Хугебурка печально смотрел на нее, усталый, скучный. Бугго захотелось сказать ему что-нибудь доброе, нежное. И она сказала:
– Идите спать, господин Хугебурка. Я сама разберусь с этим сигналом.
Кутаясь в одеяло, она потянулась за одеждой и вдруг остановилась.
– Слушайте, а нельзя сделать вид, будто мы никакого сигнала не принимали?
– К сожалению, госпожа Анео, это исключено, – ответил он, глядя в сторону.
Бугго тоже знала, что все сигналы подобного рода намертво вписываются в бортовой журнал любого корабля, оказавшегося в зоне приема, так что впоследствии ни одно судно не в состоянии доказать, что оно «не слышало» призыва о помощи.
Бугго сказала:
– Ладно, встаю. – И вдруг насторожилась: – Что-то вы кислее обыкновенного… Ну, выкладывайте. Мы приняли сигнал бедствия. Теряем время, меняем курс, берем на борт пассажиров… учитывая обстоятельства – совершенно нам не нужных. Есть что-то еще?

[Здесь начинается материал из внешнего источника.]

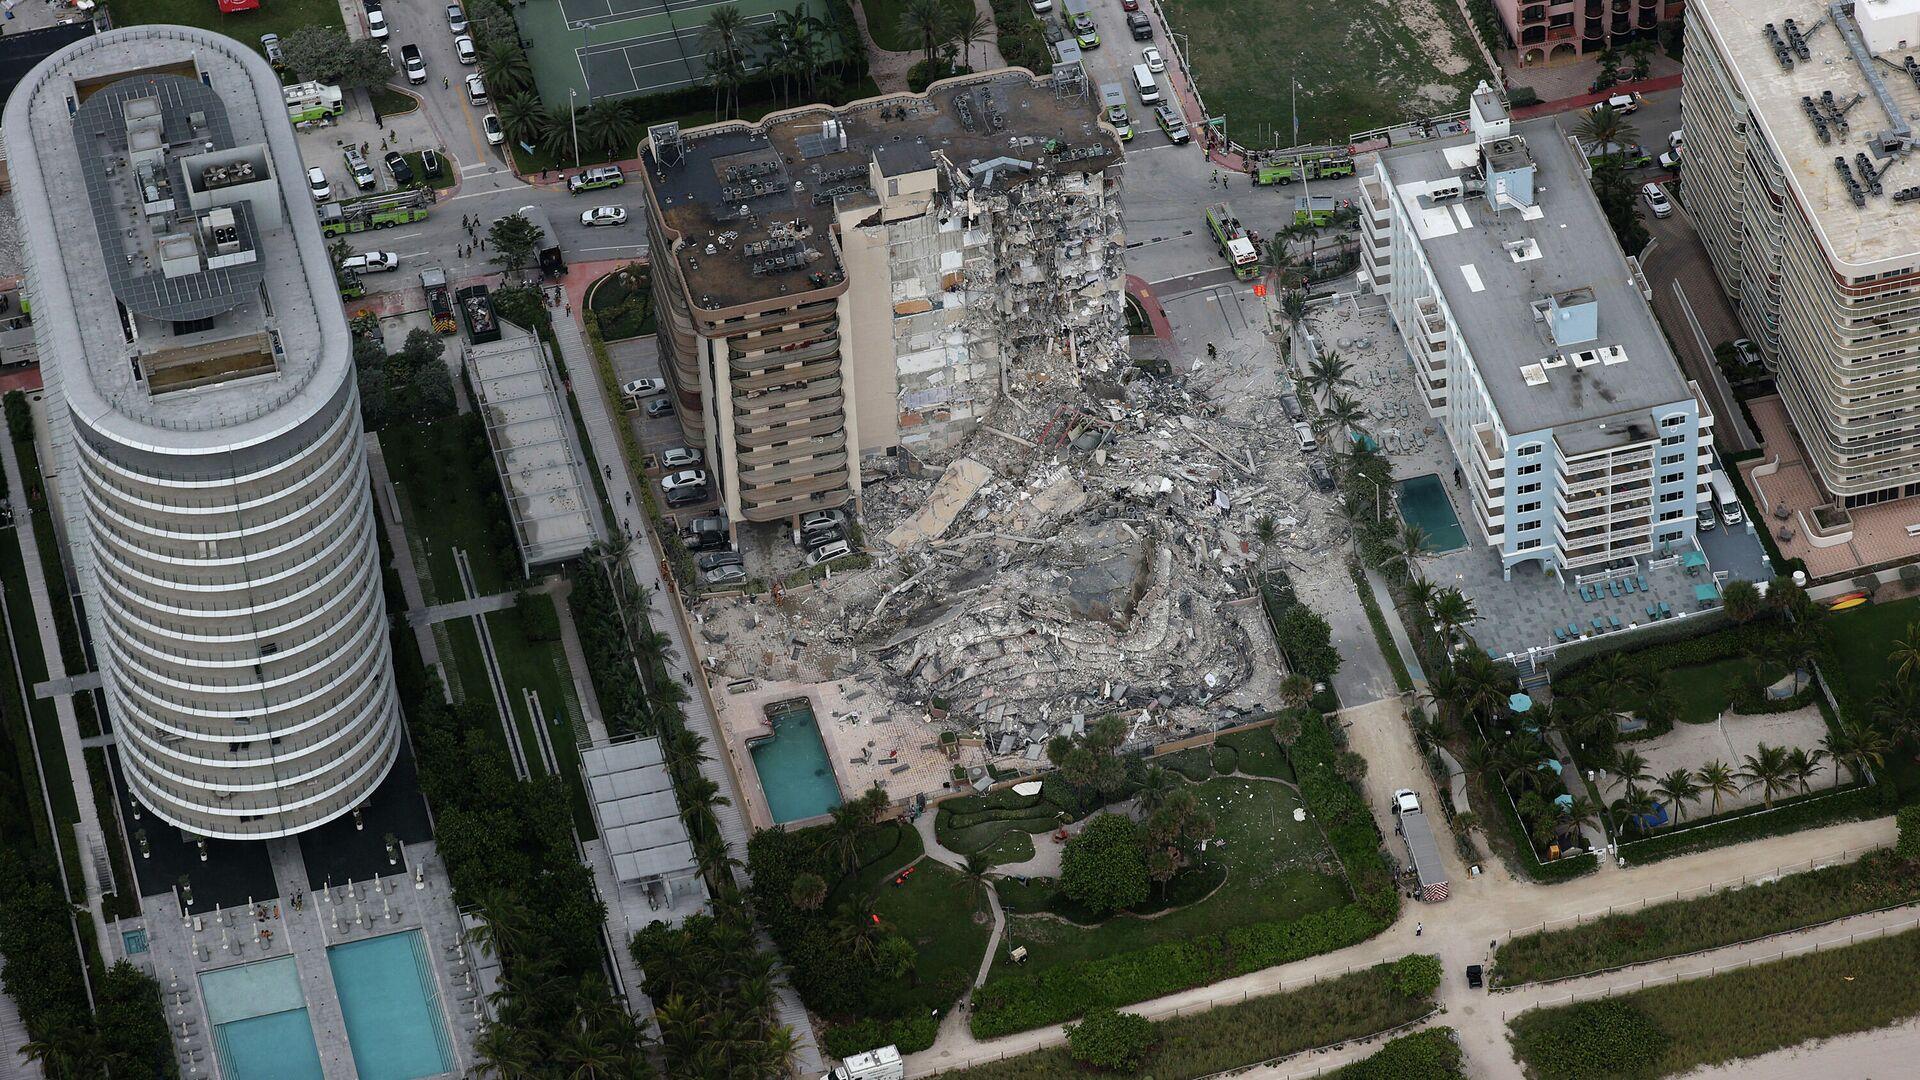 La parte trasera del edificio Champlain Towers South Condo que se derrumbó el 24 de junio, 2021 en Miami - Sputnik Mundo, 1920, 24.06.2021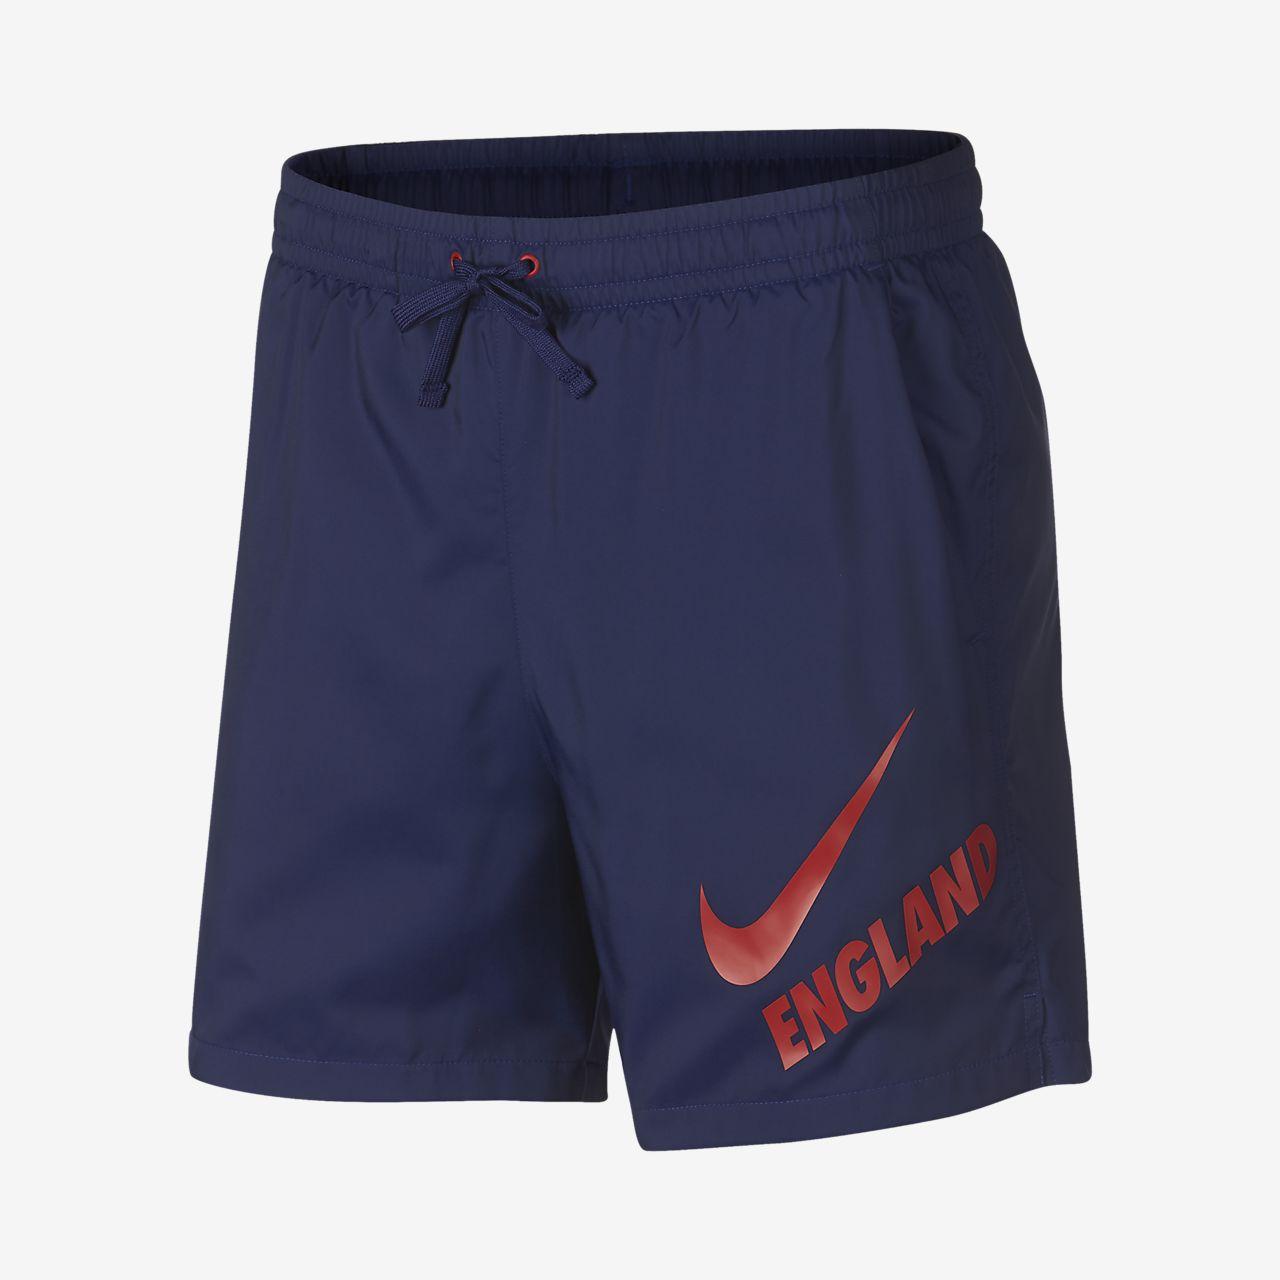 England Men's Woven Shorts

– Да, – ответил Хугебурка. – Это «Канаха».
– Нет! – вскрикнула Бугго.
– Да, – в тон ей проговорил Хугебурка, с напором. – Она развалилась прямо в космосе. Нам сигналят со спасательного шаттла.
Бугго тяжело вздохнула.
– Все, хватит. Для трех часов утра – более, чем достаточно. Выйдите, я сейчас оденусь.
Шаттл был ясно обозначен на экране приборов слежения: жалкая загогулина в бесстрастном черном пространстве космоса. Оттуда расходились жиденькие волны – бессловесный вопль о помощи.
– Вы уже отвечали им? – спросила Бугго своего старшего офицера.
– Ждал вашего приказа, – ответил он, разглядывая экран.
– Ответьте, – велела она. – «Канаха», с ума сойти!
Хугебурка покосился на нее.
– Неужели чувствуете ответственность за эту аварию?
– В каком смысле? – взъелась Бугго. – Если я не позволила им угробить вместе со своим корытом моего механика – это еще не значит…
– Ясно, – проговорил Хугебурка. – Ладно, связываюсь с ними.
И отправил неохотное: «Канаха, вас слышим. Дрейфуйте на месте, скоро вас подберем. Сколько человек на борту?»
Ответ прилетел спустя несколько минут: «Спасибо за спасение бренных тел наших и душ! Благодарим от души! На борту – четверо. Мы страдаем от нехватки кислорода. Корабль развалился в космосе. Катастрофу пережили только четверо. Благодарим за доброту».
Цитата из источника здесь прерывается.